Il debito privato

Tutti o quasi sanno che in Italia ci portiamo dietro la zavorra del debito pubblico, che preoccupa il nostro popolo ma anche e soprattutto gli altri stati europei.  Da oltre un ventennio il debito pubblico è evidente, pesante, ma oggi è più o meno come allora.  Circa il 120 % del prodotto interno lordo.  E più l’Italia riesce a mantenere basso il tasso d’interesse e di conseguenza gli oneri finanziari su tale debito,  e meno risorse finanziarie sono necessarie alla copertura del bilancio ogni anno.

Pochi invece sanno che in Italia esiste anche un debito privato, che negli ultimi tempi preoccupa, forse più di quello pubblico, sia le istituzioni italiane che straniere. La crescita del debito privato è realtà, la viviamo  quotidianamente, ma i media tendono a raccontarla singolarmente, ma non  nel loro insieme, forse per non creare ulteriore allarmismo.

Se fino a pochi anni fa si pensava che lo stato fosse pesantemente indebitato,  ma i privati con i loro redditi e soprattutto i loro risparmi potevano controbilanciare il deficit, oggi  non è più così .

Infatti , se per imprese , banche e famiglie  un ventennio fa  il debito privato rappresentava circa 80% del prodotto interno lordo, oggi tale percentuale ha superato il  200%, contrariamente al debito pubblico, che come già detto, più o meno è rimasto invariato.

La grande crisi ha profondamente inciso su tutti i  fronti come in un circolo vizioso. Infatti le aziende,  con la riduzione o la sospensione delle vendite,  non sono state più in grado di ripagare i debiti contratti, oltre ad aver dovuto licenziare il personale impegnato.  Ciò ha portato le banche ad una situazione surreale, cioè  di mancanza di denaro da prestare, visto che le imprese e successivamente anche i privati, a causa della perdita di lavoro,   si sono  ritrovati nell’ impossibilità di mantenere gli impegni di ripagare i propri debiti.

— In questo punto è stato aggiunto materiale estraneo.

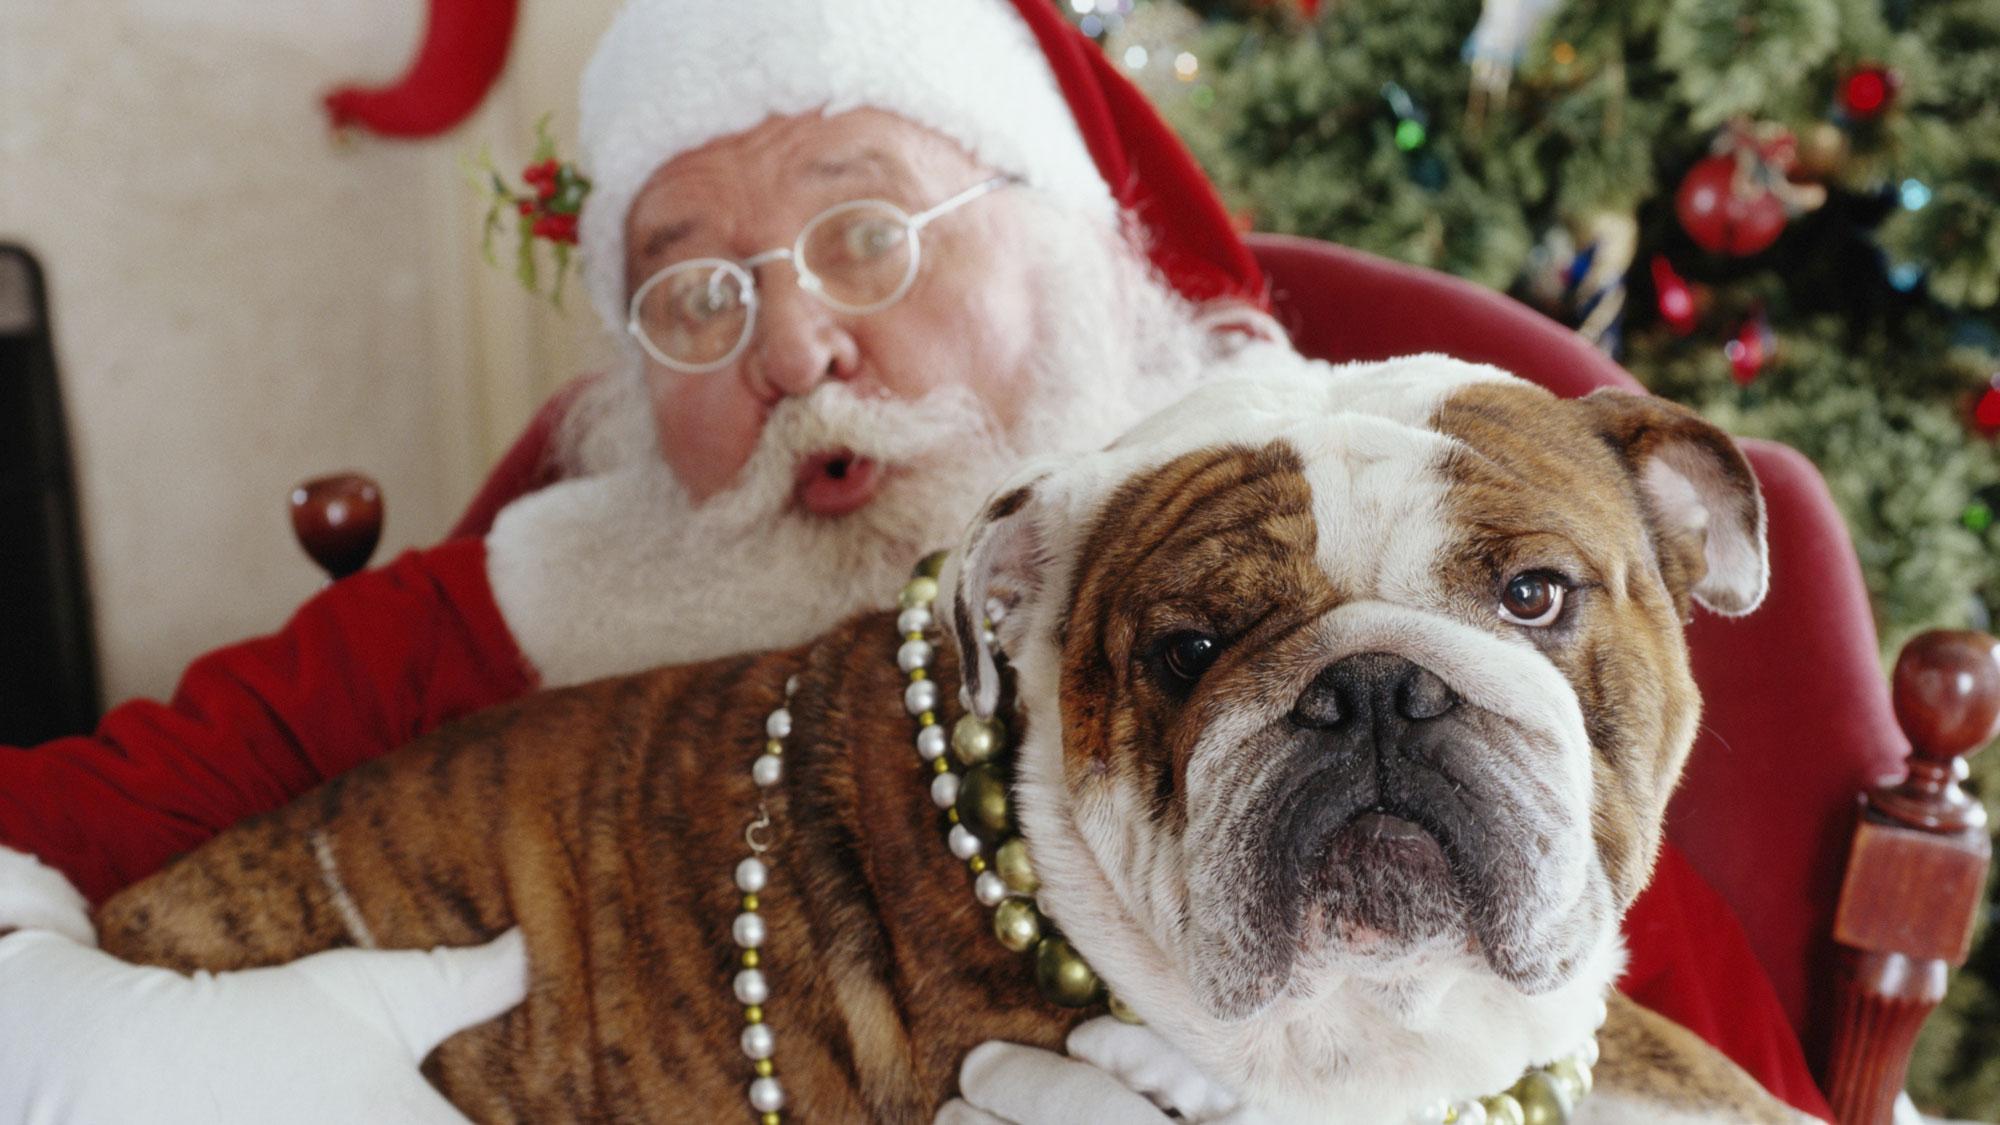 English bulldog lying on Santa's lap. GETTY IMAGES/LWA

Tutto questo ha portato le imprese e le banche a veder accelerare  l’esposizione debitoria ed ha portato i privati, oltre che all’ aumento dell’indebitamento, anche a veder ridotto il tasso di risparmio, che risulta ai minimi dal 1980. Il tutto condito da una crescente pressione fiscale e da un aumento dei prezzi, che soltanto da poco si è arrestata, solo per l’impossibilità manifesta di poter andare oltre, vista la situazione generale.

La situazione generale  debitoria, per non dire emergenza debitoria, continuerà ad essere negata o quantomeno sorvolata, come avviene oggi ?  Non credo che non affrontando il problema, anche se effettivamente molto spinoso, si arrivi naturalmente ad una soluzione.